EXPOSITORY TIMES MAY 2004


In A Drunk Man Looks at the Thistle, Hugh MacDiarmid writes of Robert Burns:

Main nonsense has been uttered in his name
Than in ony's barrin liberty and Christ.

Burns himself wrote to his friend Alexander Cunningham in September 1792 Of all nonsense, religious nonsense is the most nonsensical.” Certainly there has been more nonsense talked about Burns and religion, mostly by ministers, proposing Burns Immortal Memory, and struggling to say something which would justify a supper being held in a church hall in memory of someone who frequently endured the censure of the church.

Thomas Carlyle, in his famous essay on Burns, wrote “He had no religion….His religion, at best, is an anxious wish; like that of Rabelais, ‘ great Perhaps'”

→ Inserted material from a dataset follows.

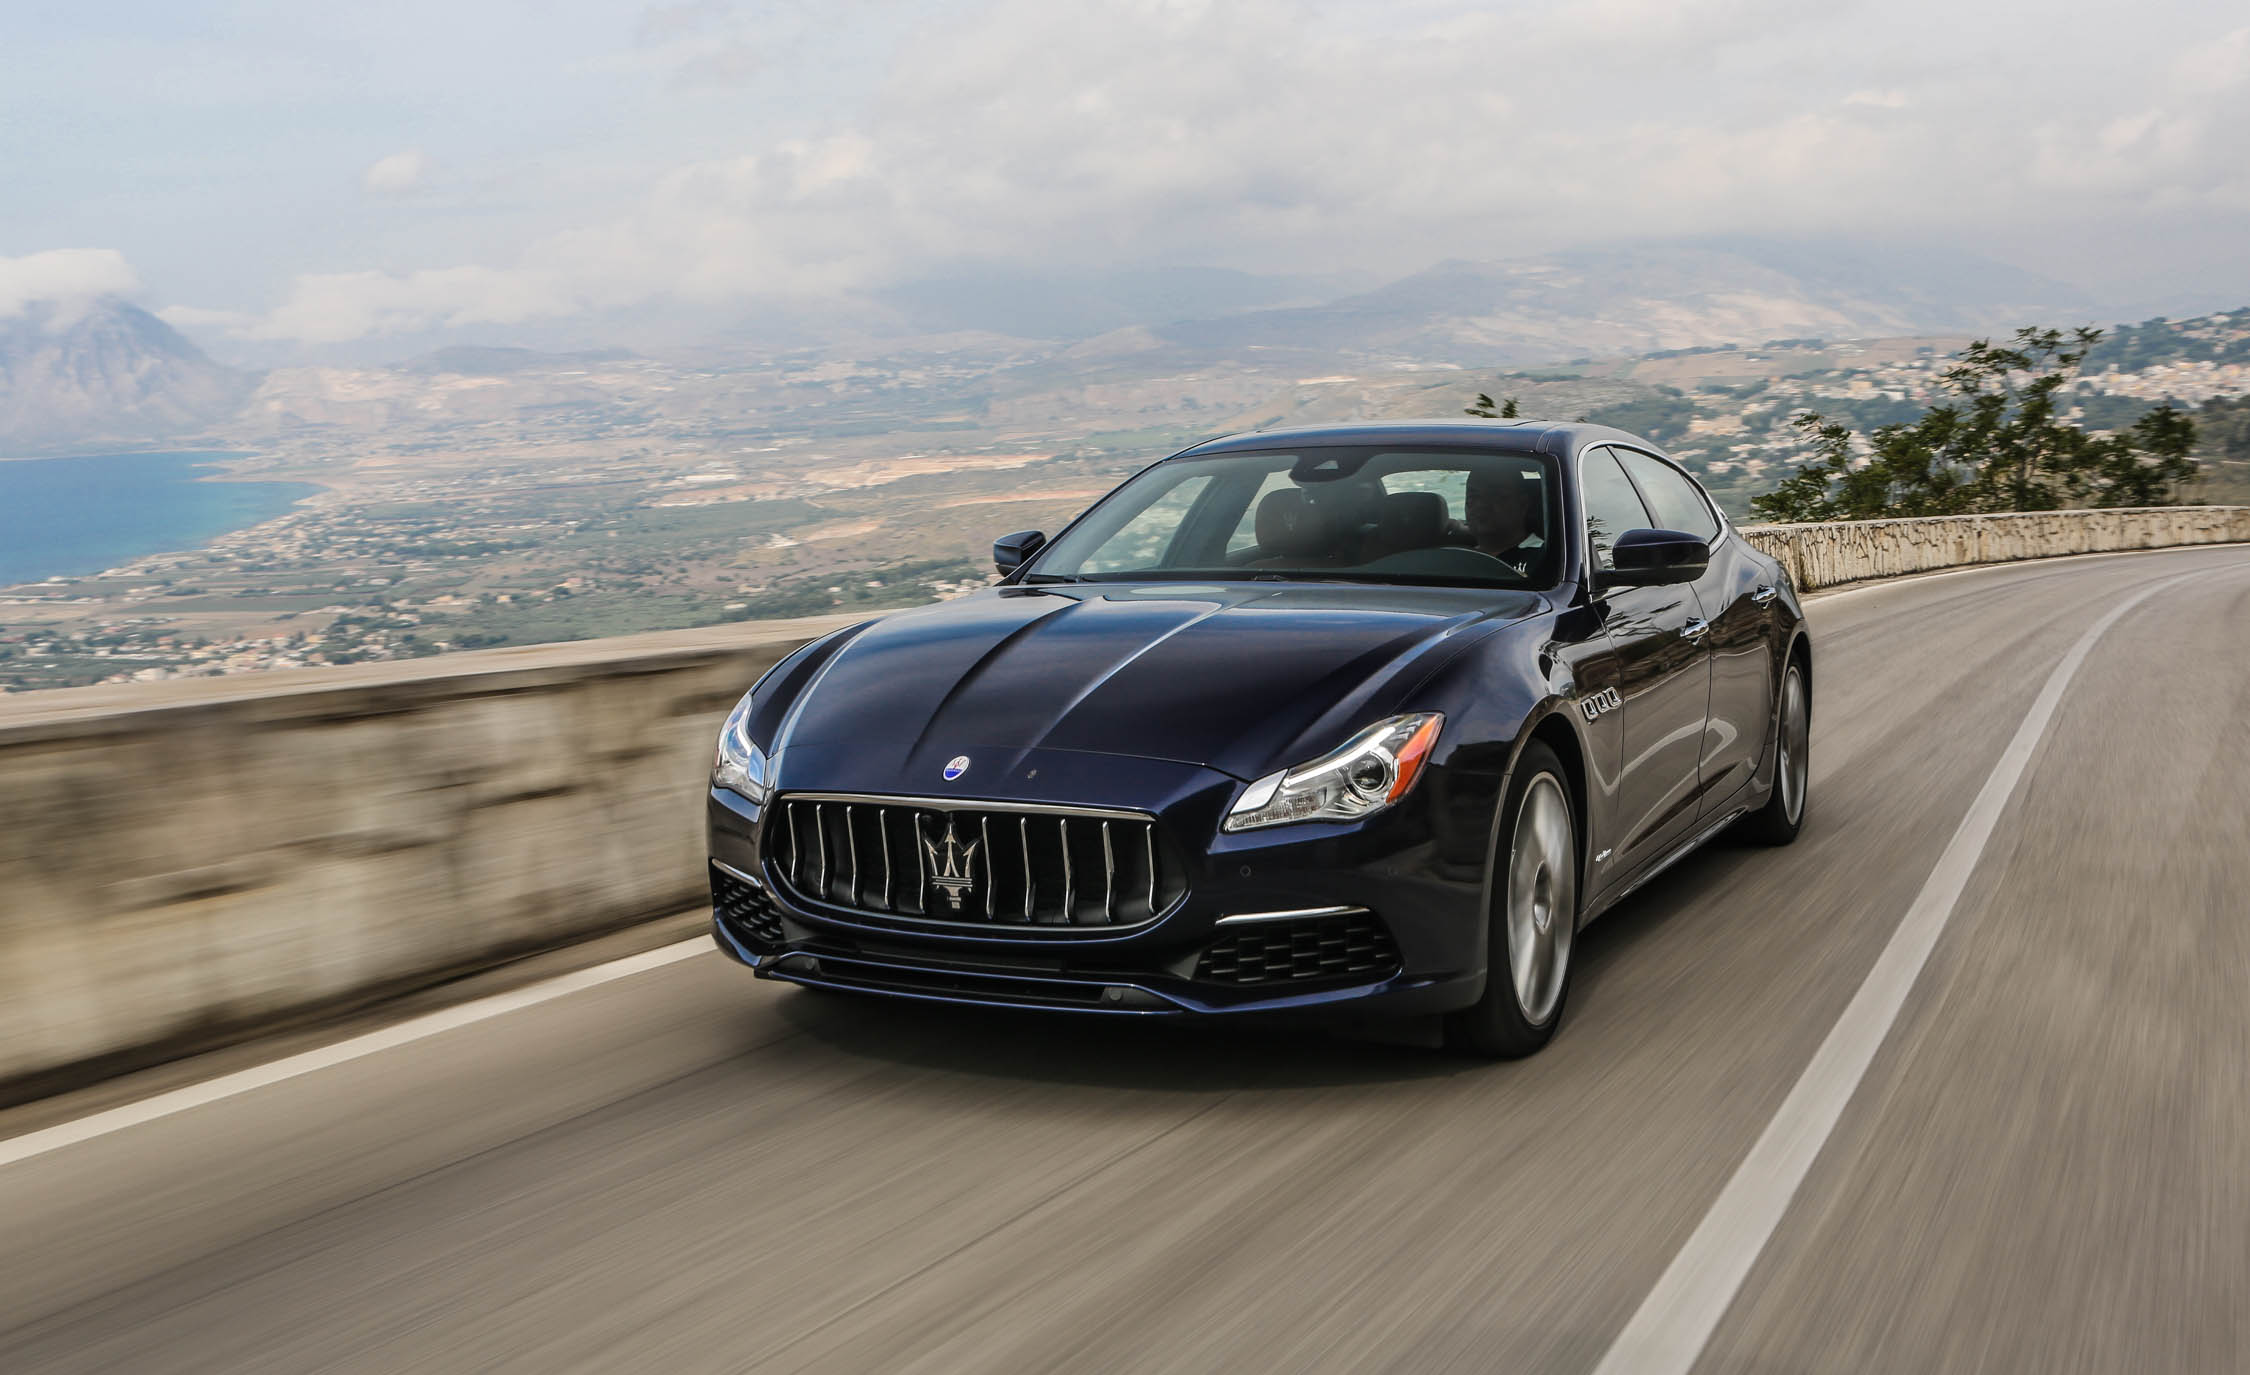 2017 Maserati Quattroporte GTS GranLusso (Photo 4 of 55)

In the recently published Robert Burns and Religion (Ashgate, £45.00) Dr Walter McGinty shows very clearly that Carlyle's assertion that Burns “had no reloigion” is as false as the attempts of clerical proposers of his Immortal Memory to baptise him as a Christian.

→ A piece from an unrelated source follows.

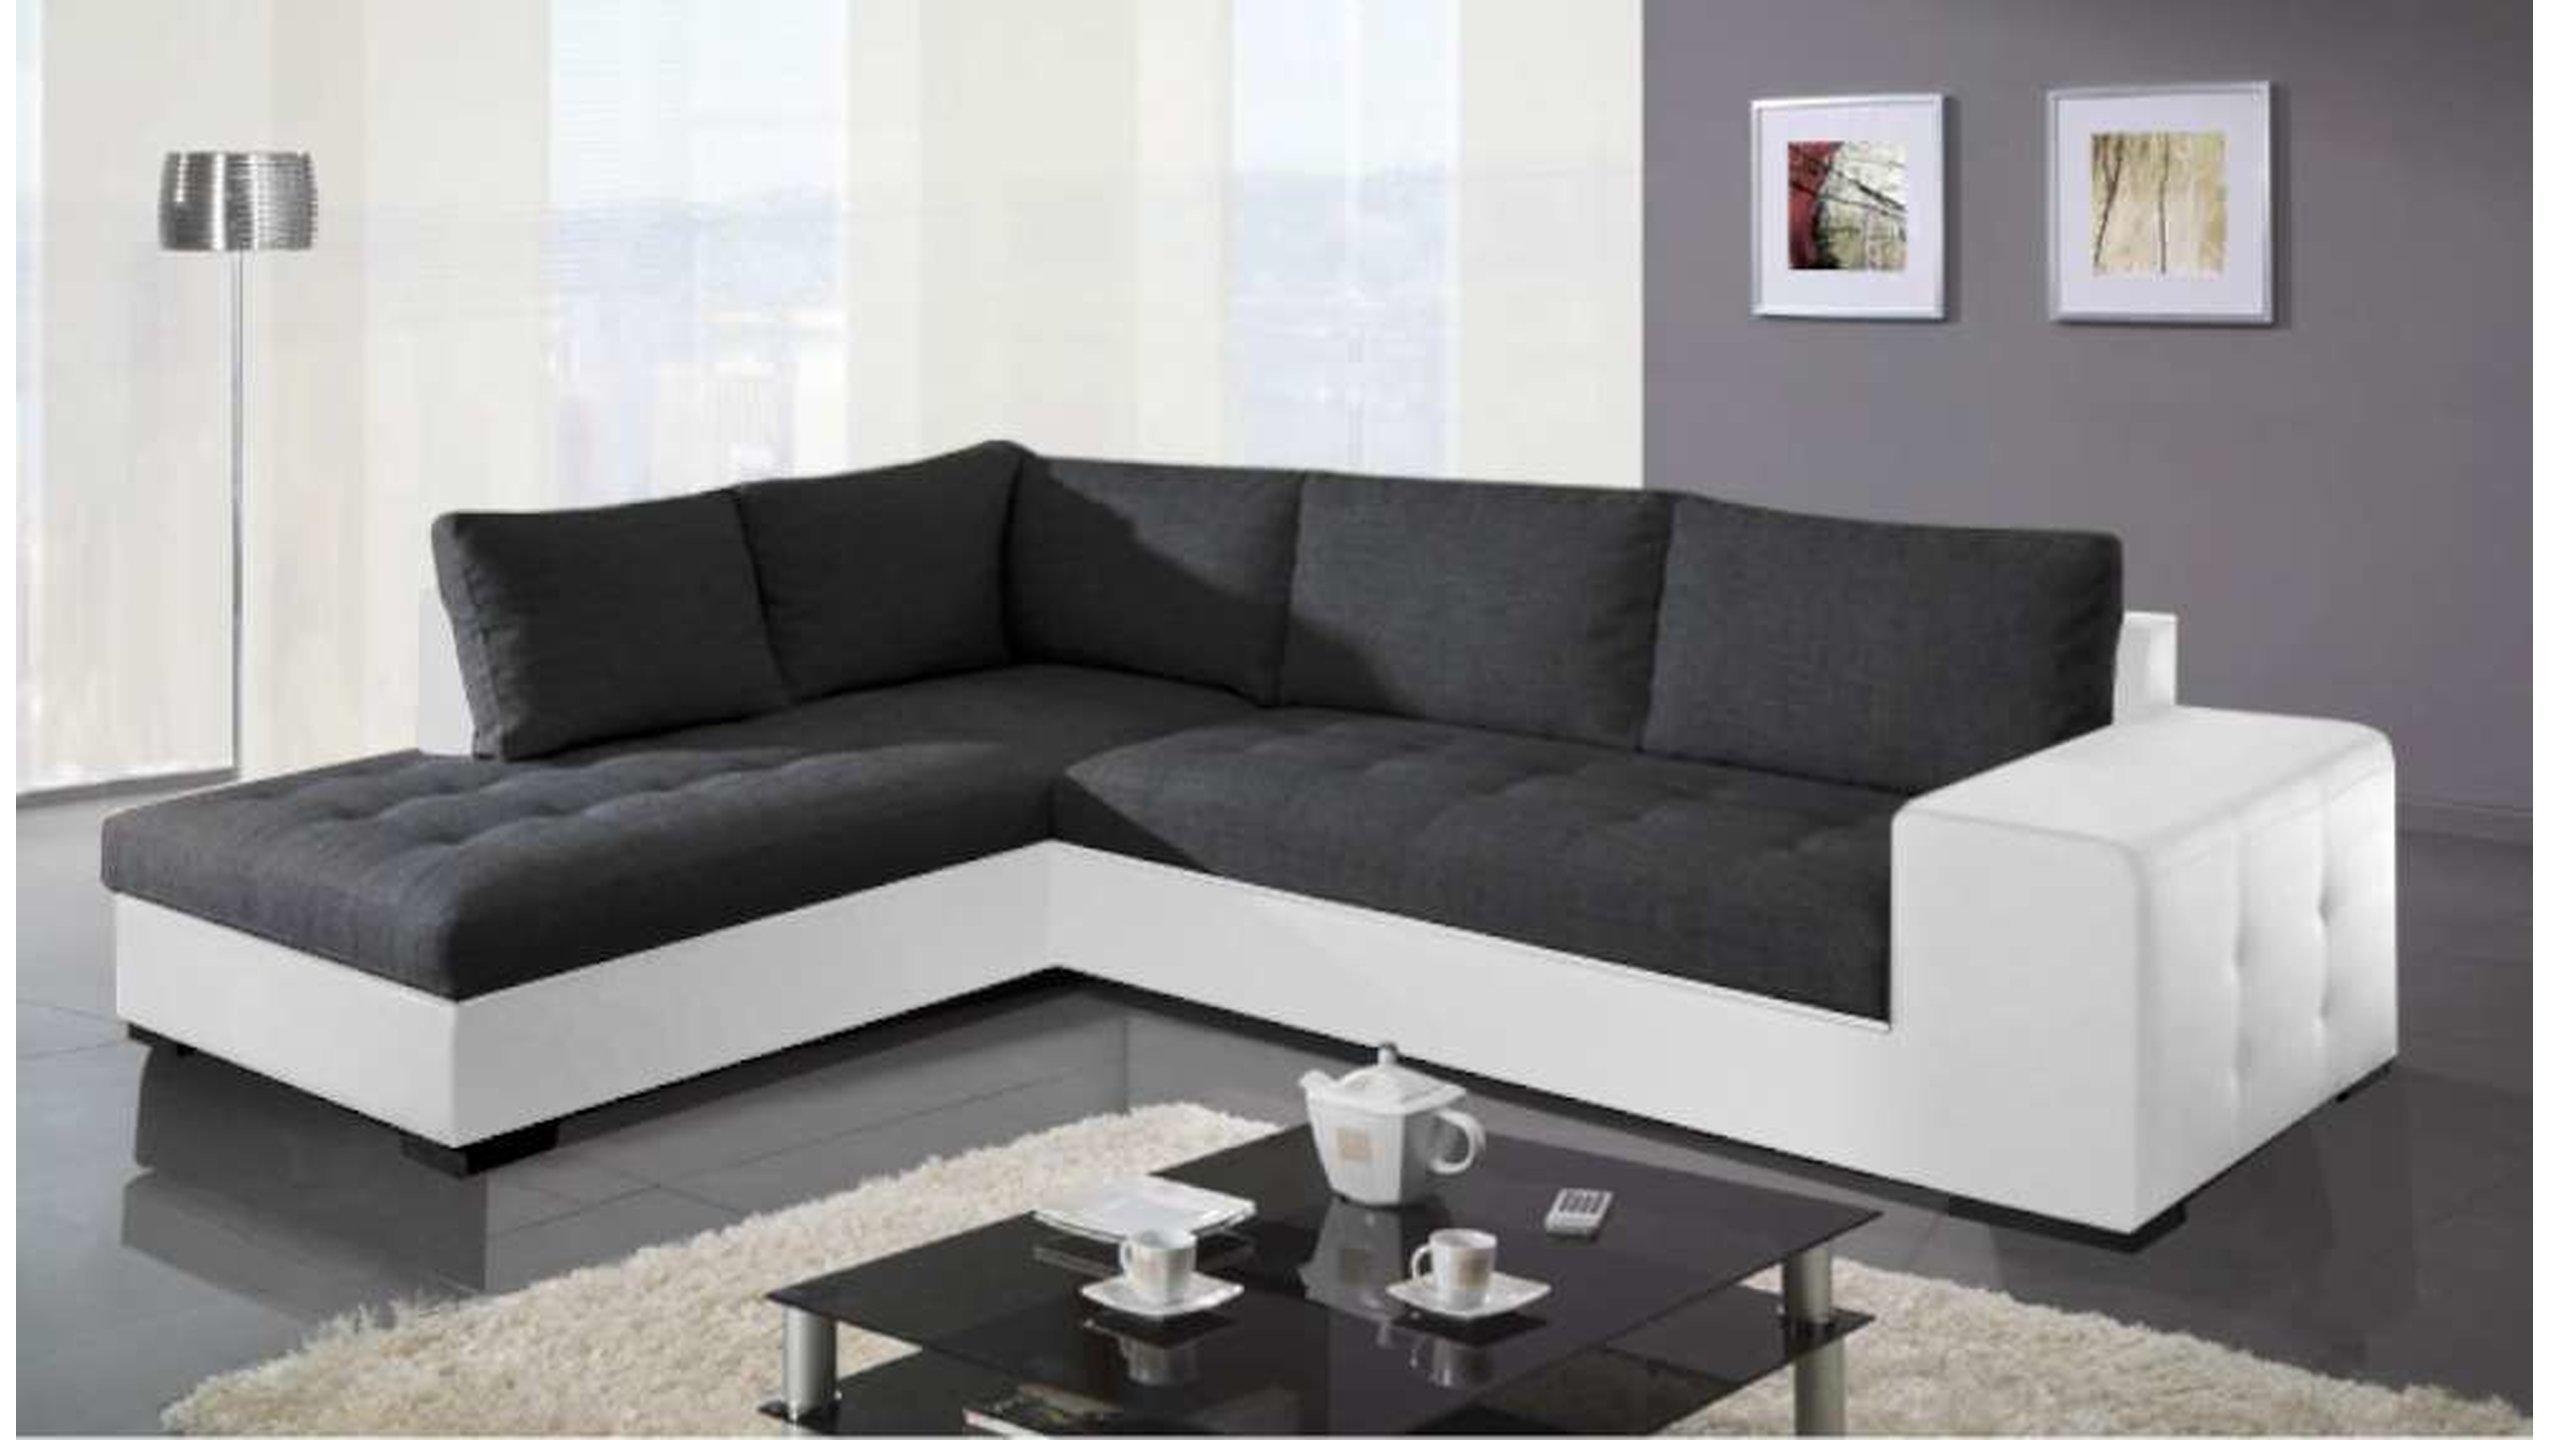 divano angolare bianco e nero per soggiorno moderno.

McGinty is well placed to survey the theme of Burns' attitude to religion since, for many years he was Church of Scotland minister, whose kirk was immortalised in Tam o' Shanter.

“Kirk-Alloway was drawing nigh
Whare ghaists and houlets nightly cry.”

McGinty shows how Burns moved from viewing the world in his young days from an essentially Christian viewpoint “to a more generalised view of religion, one that concentrated its hold on just a few basic understandings of a person in relation to his God, a God who remained his creator, before whom he was accountable, and whose nature was benevolent. McGinty traces in Burns' letters and poems references to a benevolent God, and very helpfully he lists every description in the poet's writings to God with the description of Him given. Only once does Burns refer to God in specifically Christian terms (“God was in Christ”) and even then he is not saying that the this is something he believes but a conviction he was pass on to his children for it will make their lives happier and better. The other main expression of Burns' attitude to religion in a conviction of his own accountability is also very helpfully treated.

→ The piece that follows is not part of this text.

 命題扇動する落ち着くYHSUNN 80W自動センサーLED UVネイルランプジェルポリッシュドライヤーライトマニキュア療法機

Burns' poetry contains biting, satirical verses about prominent ministers in his native Ayrshire, and McGinty provides very helpful biographical accounts of them and of their theological views, for it is clear that whatever Burns' views were about God, his attitude to the church, leaves little room for uncertainty.

When Queen Victoria's favourite minister, the great Norman MacLeod was in his first parish in Ayrshire, he was asked by the local doctor, just forty years after Burns' death, to take the chair at a Burns celebration, and in his reply the young MacLeod asked “how can we, with the shadow of consistency, commemorate Burns after sitting down at the Lord's Supper to commemorate the Saviour”. So he refused the invitation, though he later made amends by praising Burns at a meeting to mark the centenary of the poet's death, though proposing that a centenary edition of Burns' works be published “from which everything would be excluded which a Christian father could not read aloud in his family circle.” Later still, he wrote to his wife during one of his frequent visits to Balmoral: “The Queen sat down to spin at a nice Scotch wheel, while I read Robert Burns to her: Tam o' Shanter and A man's a man for a' that.

The present minister of St Giles' Cathedral, Gilleasbuig Macmillan tells how after preaching at a school about the parable of the prodigal son, a woman told him that the prodigal's father should have given the boy a good hiding when he got home. Young people should not get the impression that they can do bad things and not be punished. Later in the conversation the woman criticised the decision to install a stained glass window in St Giles' in memory of Burns with his notorious sexual behaviour. Gilleasbuig Macmillan says “As I prepared to murmur some placatory defence (it was late on a Sunday evening and I didn't feel like an argument, her husband said quietly, ‘The prodigal son'. ‘Exactly' said I, with relief.'”

It has always been one of the failings of the church in Scotland to regard sexual sins as more serious than any other kind of sins. But if I read the Gospels correctly, I find there far more condemnation of injustice and exploitation and corruption than I do of sexual peccadilloes. And where he saw injustice or encountered exploitation, or suspected corruption, Robert Burns was always to be found on the side of the angels!